SQL (Structured **Query** Language) is used to ask questions of a database.
It tells the database what data you want and how to organize it.

### What is SQLite??
SQLite is a lightweight, file-based database system.  The entire database lives in a single `.db` file.  It uses SQL but does not require a server to run.


---

## Part 1: Setup and Database Connection

In [4]:
# Import the libraries we need
import pandas as pd
import sqlite3

# Connect to the NBA database
conn = sqlite3.connect('nba_5seasons.db')

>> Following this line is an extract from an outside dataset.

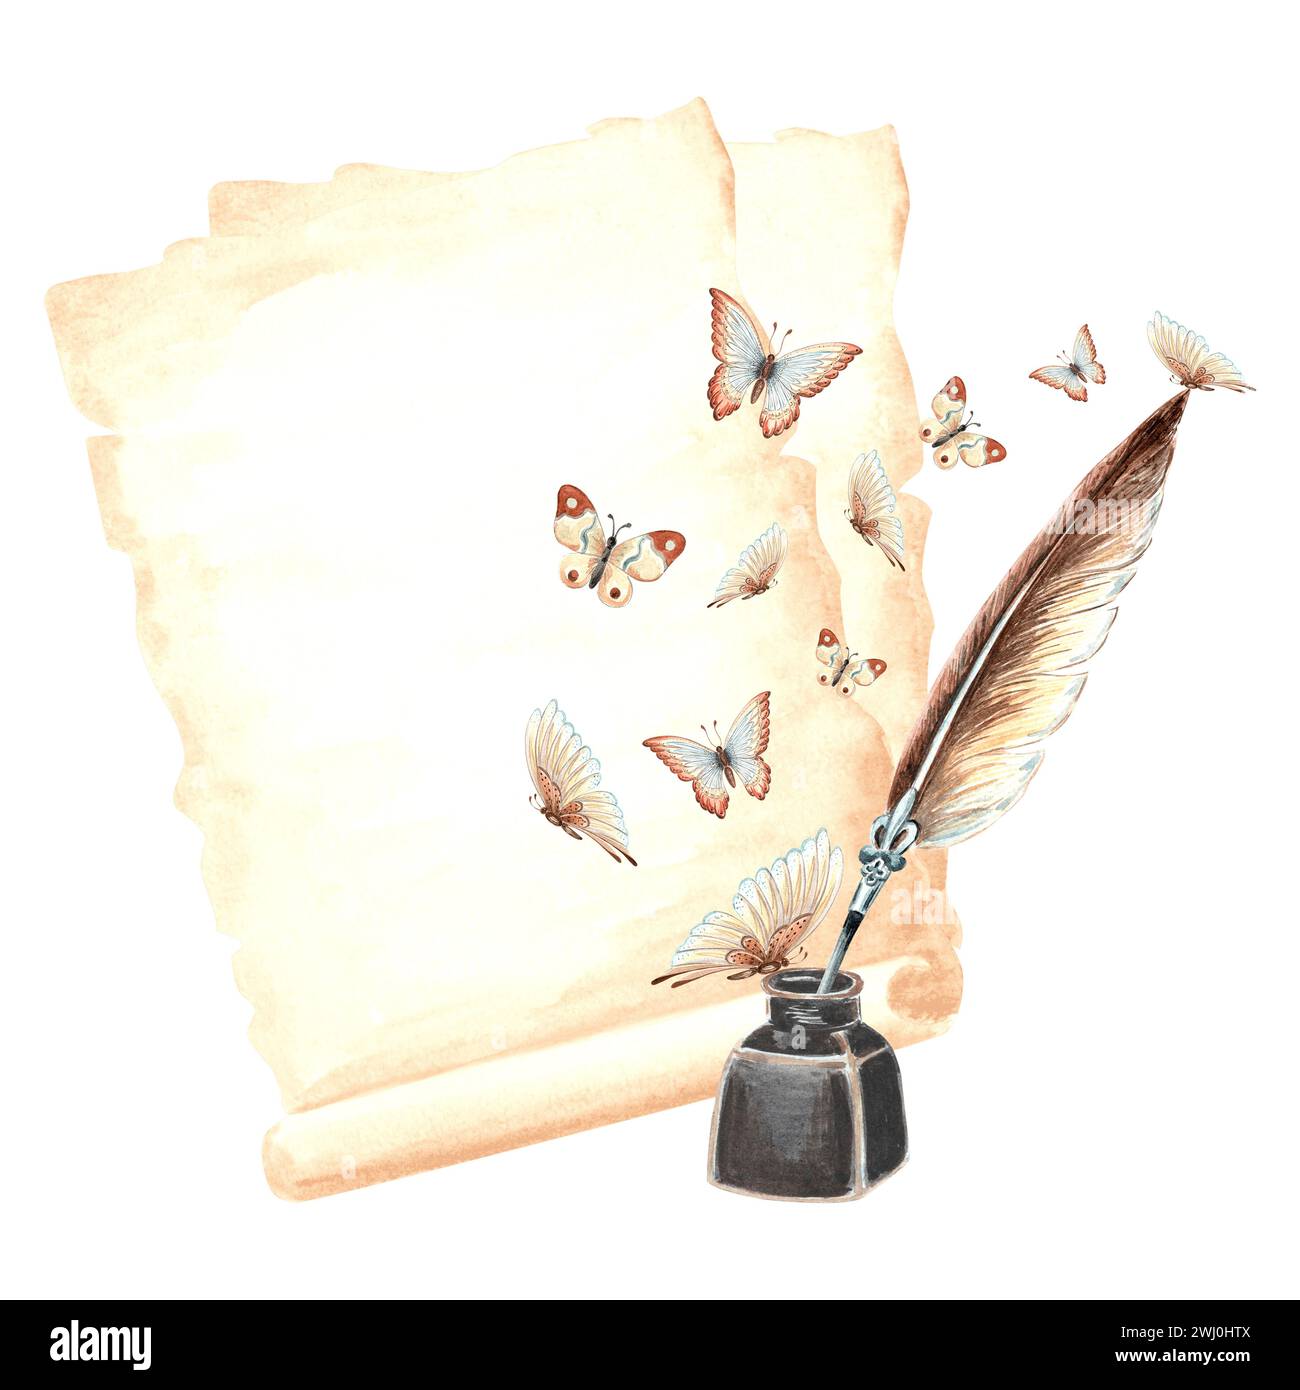 Blätter Papyruspapier, Tintenfass mit Federstift und wild flatternde Schmetterlinge. Vintage Schreibzubehör, alter Brief. Handgezeichnetes Aquarellisolat Stockfoto

print("✅ Connected to NBA database successfully!")
print("\nThis database contains:")
print("  - Team information (30 NBA teams)")
print("  - Player information (hundreds of players)")
print("  - Team game statistics (thousands of games)")
print("  - Player season statistics (multiple seasons)")

✅ Connected to NBA database successfully!

This database contains:
  - Team information (30 NBA teams)
  - Player information (hundreds of players)
  - Team game statistics (thousands of games)
  - Player season statistics (multiple seasons)


### What Just Happened?

- `import pandas as pd` - Brings in pandas for DataFrame operations
- `import sqlite3` - Brings in SQLite database functionality
- `sqlite3.connect()` - Opens a connection to our database file
- `conn` - This connection object lets us send SQL queries

**Important:** The database file (`nba_5seasons.db`) must be in the same folder as this notebook!

---

## Part 2: Exploring the Database Structure

In [13]:
# Let's see what tables are in our database
query = """
SELECT name 
FROM sqlite_master 
WHERE type='table'
ORDER BY name
"""

tables = pd.read_sql(query, conn)     # Run the SQL query and store the result in a DataFrame
print("Tables in our database:")      # Print a simple text label to the output
display(tables)                       # Show the DataFrame as a formatted table (Jupyter-only)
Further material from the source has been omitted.